For instance, washing the dishes needs to be done everyday. When, in the future, I may have a family, I won’t desire to wash the dishes more than I do now, but it will still need to be done. So I can practise now to love myself by keeping the kitchen, or my room, or the house, clean, so that in the future I’ll understand how to love my family by keeping the home in the same clean state.
Of course I’m still living on my own and that affords the freedom of when to or not to exercise these disciplines. Right now, as all my housemates are gone, and I’m the only one here, I can choose to be disciplined and I’ll know that my cleanliness has a direct effect on my living conditions — I have no excuse that things aren’t clean as a result of someone else’s mess.
How I spend my time is also an indicator of discipline.

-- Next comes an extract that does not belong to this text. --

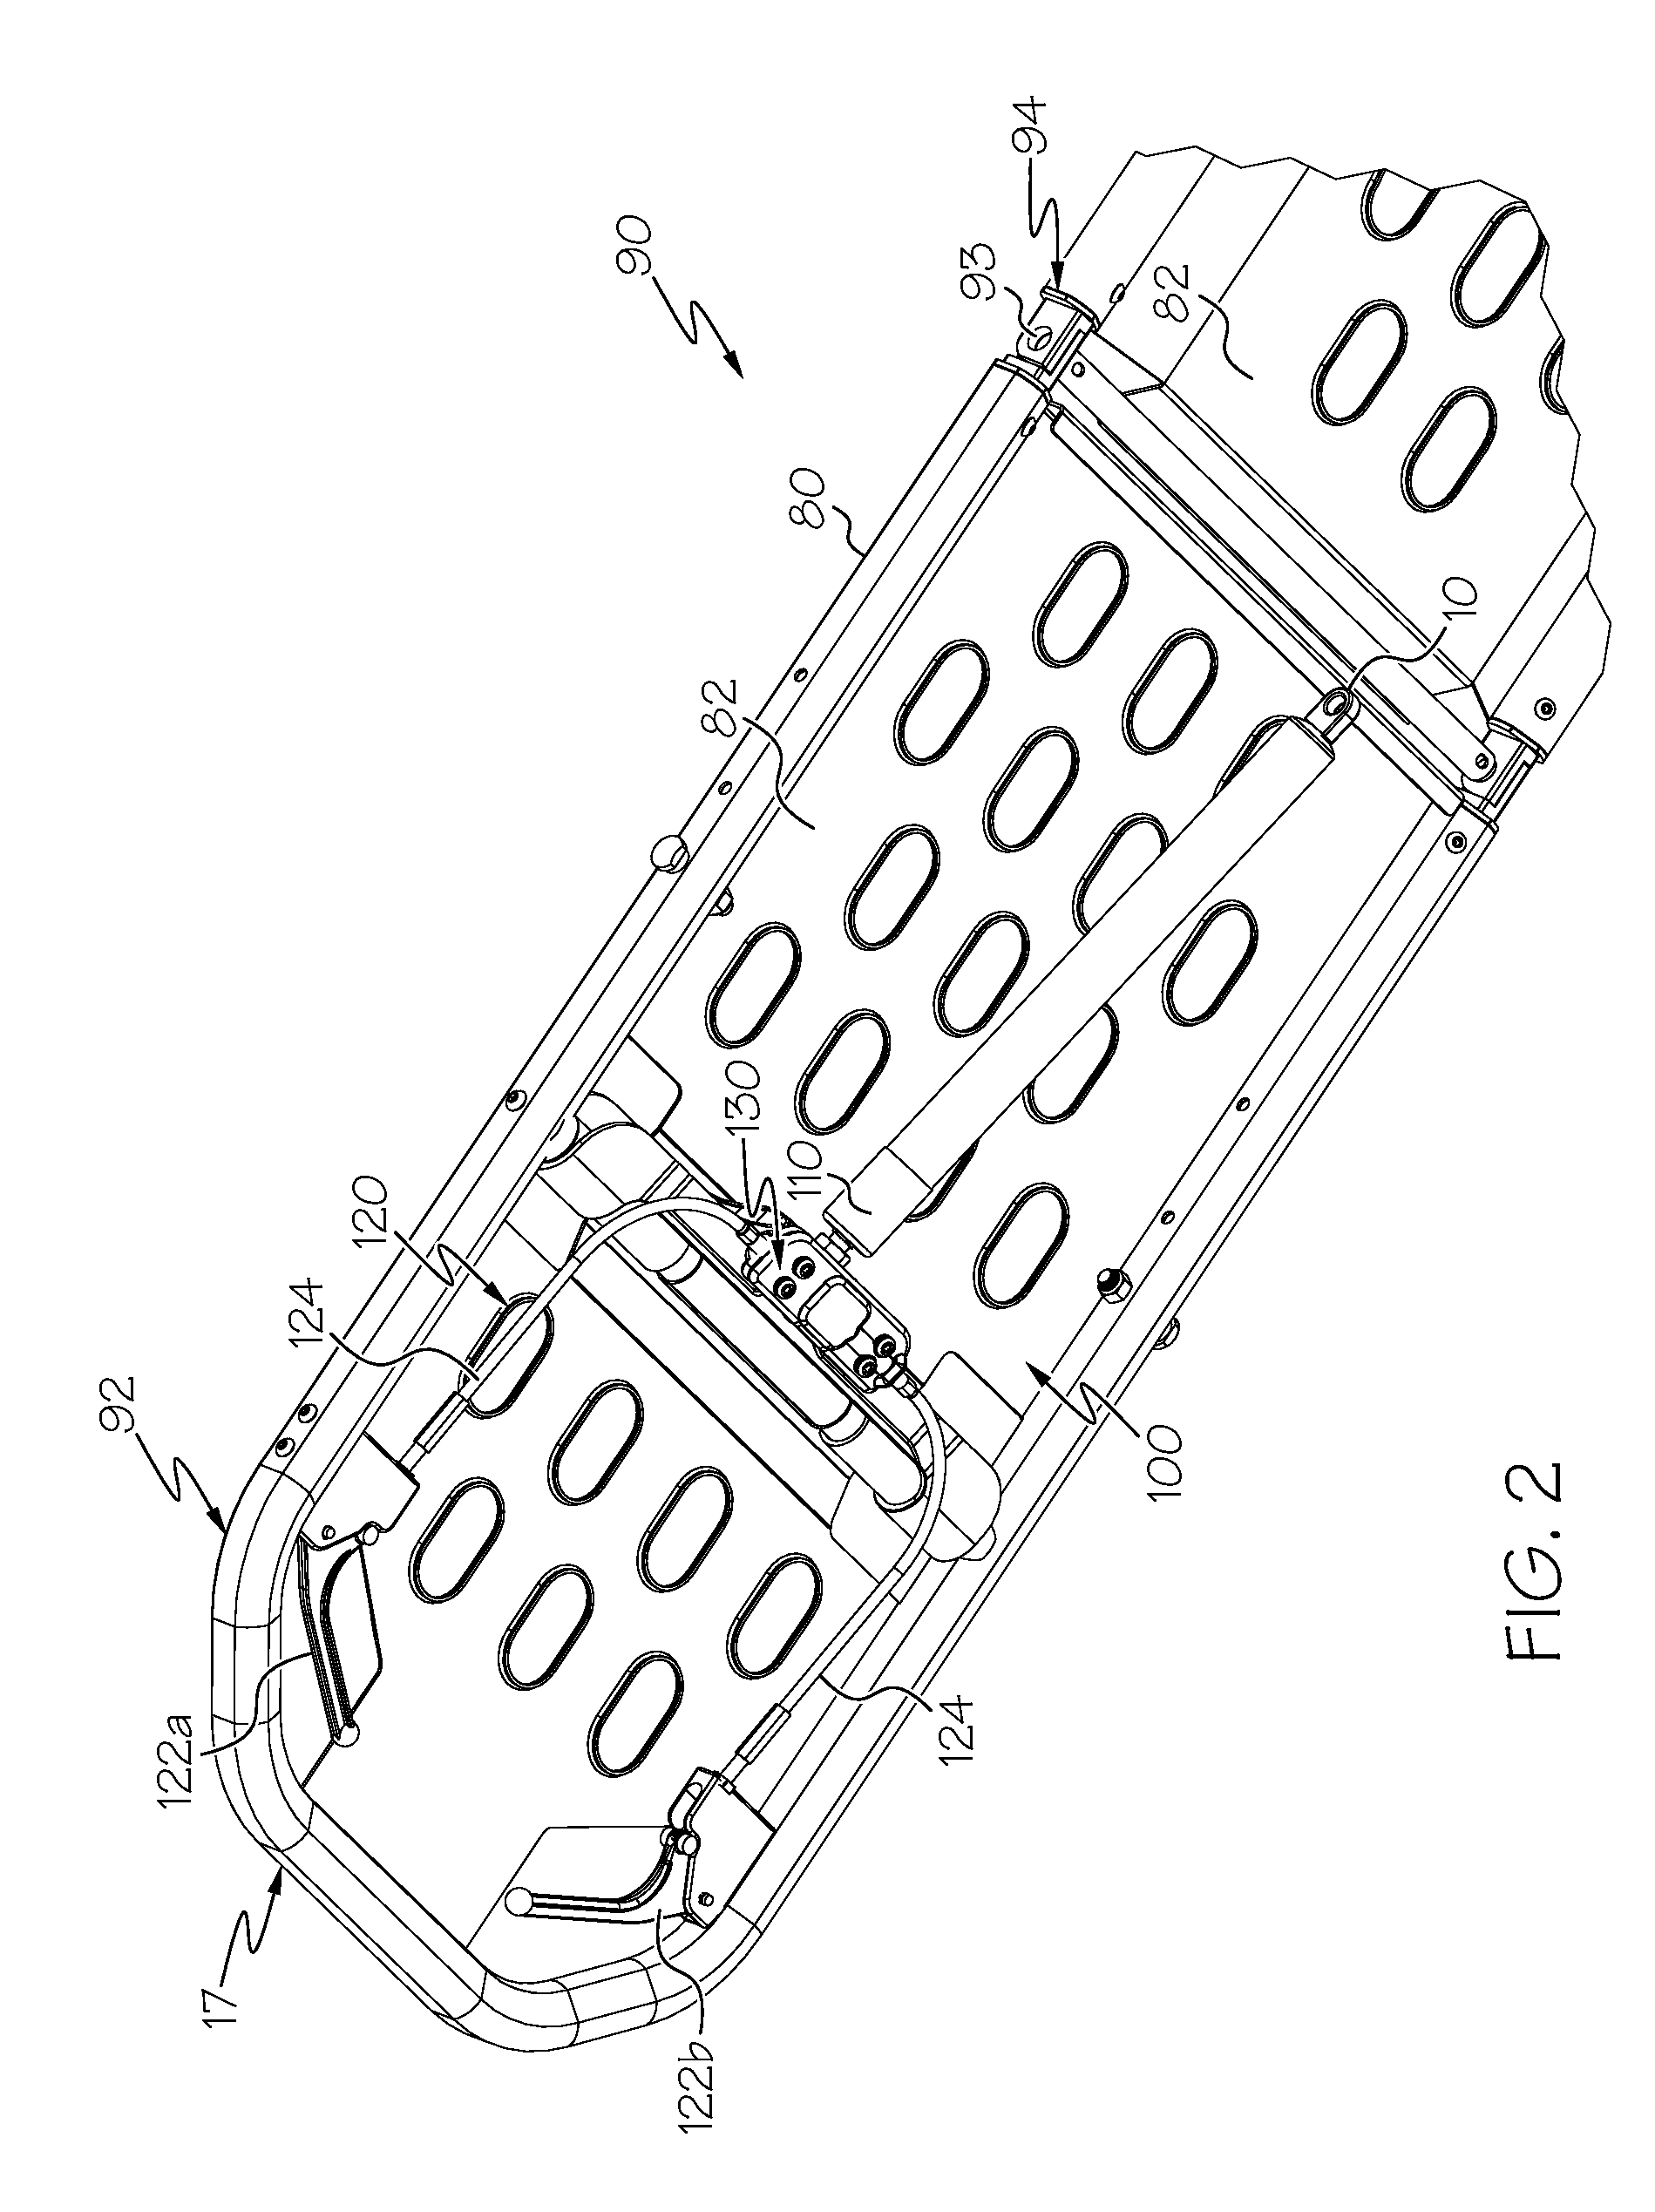 Assisted lifting devices for roll-in-cots

I’ve disconnected the television and that takes away the temptation of wasting time and viewing inappropriate content when unmonitored by my housemates. That leaves lots of time to do other productive things. In the past few days I’ve completed many tasks that needed to be done for a long time now. As the week has continued, it’s been more difficult to keep myself occupied with meaningful things, but reading books, updating my website design, and cooking nice meals aren’t meaningless things, nonetheless.
I took the guitar out and jammed a bit with Liz and another friend from Elora Road named Kyle. It was pretty exhausting, for some reason, playing songs for about an hour and a half. Quite unfortunate that I wasn’t able to play the grand piano in the sanctuary, however, since the elementary school kids were in there practising for the Christmas Pageant. Then I spent the rest of the night making dinner, processing my own film and printing the photos at Black’s (they turned out really well, a whole roll of good pictures!), and video editing at New House.
Did you know that it takes a long time to do video editing? 2 minutes worth of video for the Rocky Mountain Project party at Winter Conference took me 4 hours. From about 8pm till midnight. Craziness. But the time went by really fast. Hadn’t done video editing for a long time, probably since Summit in October.